5 files changed, 210 insertions, 96 deletions
diff --git a/arch/arm64/mm/contpte.c b/arch/arm64/mm/contpte.c
index bcac4f55f9c1..c0557945939c 100644
--- a/arch/arm64/mm/contpte.c
+++ b/arch/arm64/mm/contpte.c
@@ -68,7 +68,144 @@ static void contpte_convert(struct mm_struct *mm, unsigned long addr,
 			pte = pte_mkyoung(pte);
 	}
 
-	__flush_tlb_range(&vma, start_addr, addr, PAGE_SIZE, true, 3);
+	/*
+	 * On eliding the __tlb_flush_range() under BBML2+noabort:
+	 *
+	 * NOTE: Instead of using N=16 as the contiguous block length, we use
+	 *       N=4 for clarity.
+	 *
+	 * NOTE: 'n' and 'c' are used to denote the "contiguous bit" being
+	 *       unset and set, respectively.
+	 *
+	 * We worry about two cases where contiguous bit is used:
+	 *  - When folding N smaller non-contiguous ptes as 1 contiguous block.
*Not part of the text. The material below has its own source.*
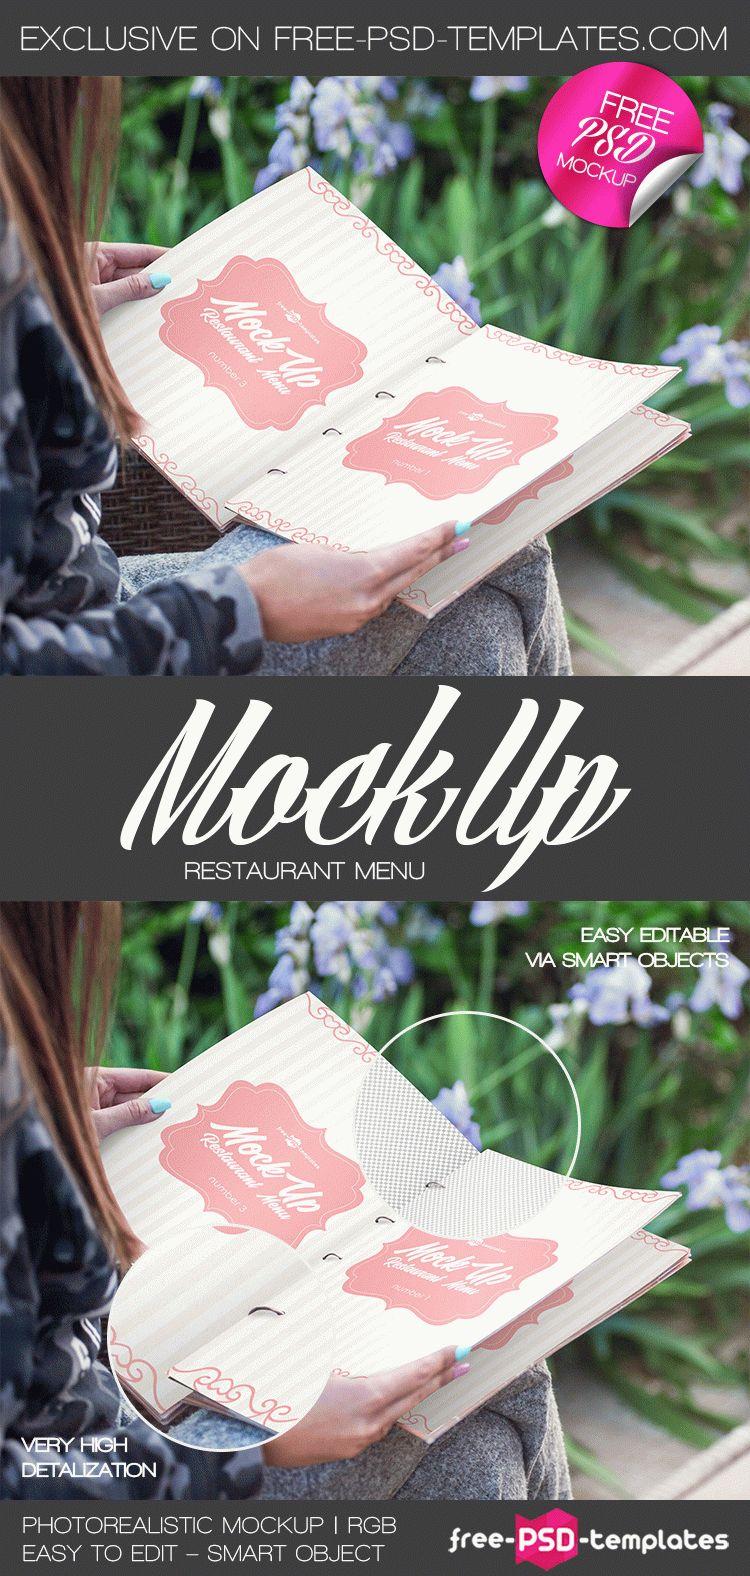 Free Restaurant Menu Mockup In PSD Free PSD Templates - Menu mockup template
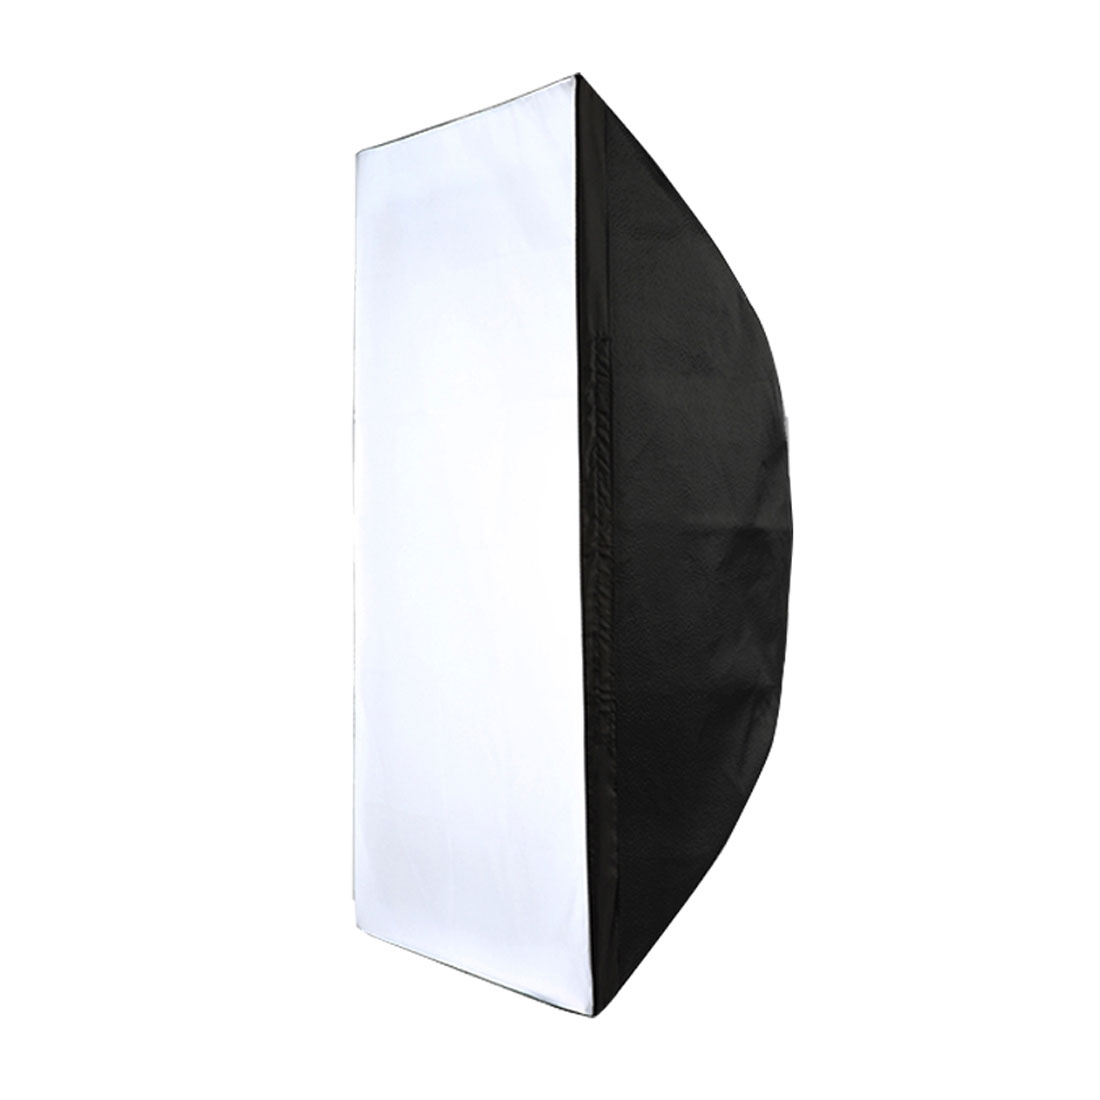 60cmx90cm Black Silver Tone Umbrella Studio Flash Light Soft Box Diffuser Reflector

+	 *  - When unfolding a contiguous block into N smaller non-contiguous ptes.
+	 *
+	 * Currently, the BBML0 folding case looks as follows:
+	 *
+	 *  0) Initial page-table layout:
+	 *
+	 *   +----+----+----+----+
+	 *   |RO,n|RO,n|RO,n|RW,n| <--- last page being set as RO
+	 *   +----+----+----+----+
+	 *
+	 *  1) Aggregate AF + dirty flags using __ptep_get_and_clear():
+	 *
+	 *   +----+----+----+----+
+	 *   |  0 |  0 |  0 |  0 |
+	 *   +----+----+----+----+
+	 *
+	 *  2) __flush_tlb_range():
+	 *
+	 *   |____ tlbi + dsb ____|
+	 *
+	 *  3) __set_ptes() to repaint contiguous block:
+	 *
+	 *   +----+----+----+----+
+	 *   |RO,c|RO,c|RO,c|RO,c|
+	 *   +----+----+----+----+
+	 *
+	 *  4) The kernel will eventually __flush_tlb() for changed page:
+	 *
+	 *                  |____| <--- tlbi + dsb
+	 *
+	 * As expected, the intermediate tlbi+dsb ensures that other PEs
+	 * only ever see an invalid (0) entry, or the new contiguous TLB entry.
+	 * The final tlbi+dsb will always throw away the newly installed
+	 * contiguous TLB entry, which is a micro-optimisation opportunity,
+	 * but does not affect correctness.
+	 *
+	 * In the BBML2 case, the change is avoiding the intermediate tlbi+dsb.
+	 * This means a few things, but notably other PEs will still "see" any
+	 * stale cached TLB entries. This could lead to a "contiguous bit
+	 * misprogramming" issue until the final tlbi+dsb of the changed page,
+	 * which would clear out both the stale (RW,n) entry and the new (RO,c)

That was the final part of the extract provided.